Tuesday, December 14, 2010

I'm Ho Ho hopeless!

OND 2010

It's that time of year again.

You know, the time where you don't have to fill that occasional obligation to craft with your kids.

The one where there is a whole stack of them that you find yourself committed to.

After the kids have brought home their macaroni'd Christmas tree decorations
and their self portrait Christmas card with lots of glitter and sparkly stuff glued on with a litre of glue
(and still not dry 3 days later),
they have worked themselves into a frenzy with love of crafting.

OND 2010

And given the time of year,
there is no shortage of festive crafty projects to "sure to be enjoyed with your children for hours of endless joy and entertainment for the whole family".

So far this year,
I have committed to making biscuits,
window glass painting decorations,
making finger buns,
decorating a gingerbread house
and oldest son is talking about some weird green gooey gunk stuff you can make that he found in a magazine.

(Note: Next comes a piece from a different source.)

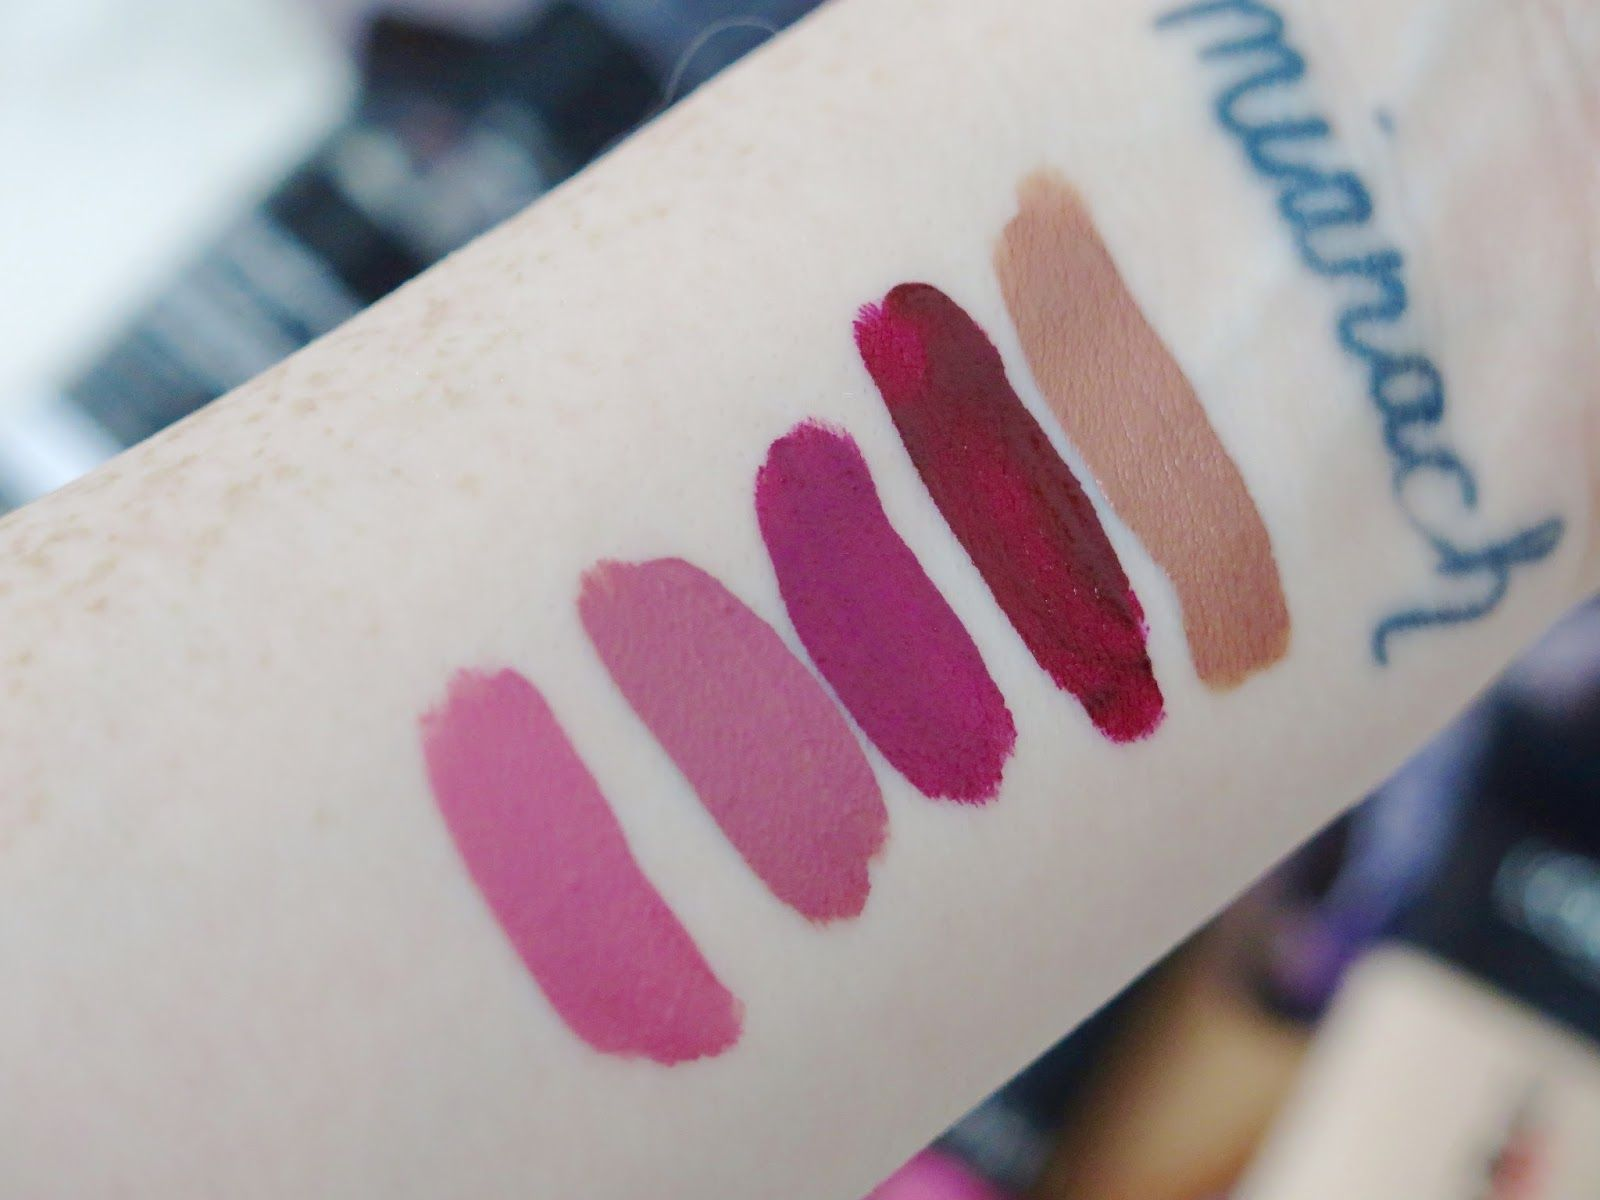 Everlasting Liquid Lipstick by KVD Vegan Beauty #21

It may not seem like a lot
but with 3 kids and 7 days to complete them,
it seems like a lot to me.
A whole world of pain.

OND 2010

Let me be clear.
I think that I am a dab hand at crafty stuff.
(yes, pure arrogance, that statement)
Sewing, knitting, crocheting, other craft stuff.
Bring it on, baby.

But having to teach someone else,
whether they are my age, on an aged pension or at kindergarten...
well, at least I am mature enough to recognise my limitations.

Firstly I suck at teaching.

I do not explain things well.

Actually, let me clarify that.
It appears that I do not explain things well
to people who think like my husband.
If you think like me, it's all good.

OND 2010

Secondly I have no patience.
(and on some days, I mean literally no patience)

I might have had some years ago but not now.
While my child is delicately and painstakingly (to me painfully) putting the finishing touches
on his or her cotton wool ball snowman,
I just want to rip the glue stick away from those little hands and finish it yesterday.

OND 2010
Thirdly I am a perfectionist.

And I am sorry,
but I can state with confidence
(actually probably arrogance again)
that no-one in this house
(hubby included)
(well, hubby in particular actually)
can colour co-ordinate like me,
draw in a straight line or a nice curve like me
or stick that pipe cleaner onto the toilet roll in just the right place at just the right angle
as well as I can.

And it bugs me watching other people not do it just how it should be done.

OND 2010

About now, I am meant to put in the big "but",
you know, the "but" which makes it all worthwhile...

"But to see the fun that my kids are having..."

"But to see the product of their innocent creativity..."

"But to spend that quality time with my children..."

Realistically,
about now,
I am wondering if that paint will come off whichever skin, clothing or furnishing it has been deposited on,
I am reaching for headache medication
and I am wondering if it is too early in the day to make a gin, lemon and lime.
A really, really strong one.

OND 2010

Maybe tomorrow (or after a gin or two) there will be the "but".




1 comment:

becci said...

I know exactly what you're saying! Me and craft with children thrown in is an ugly mix!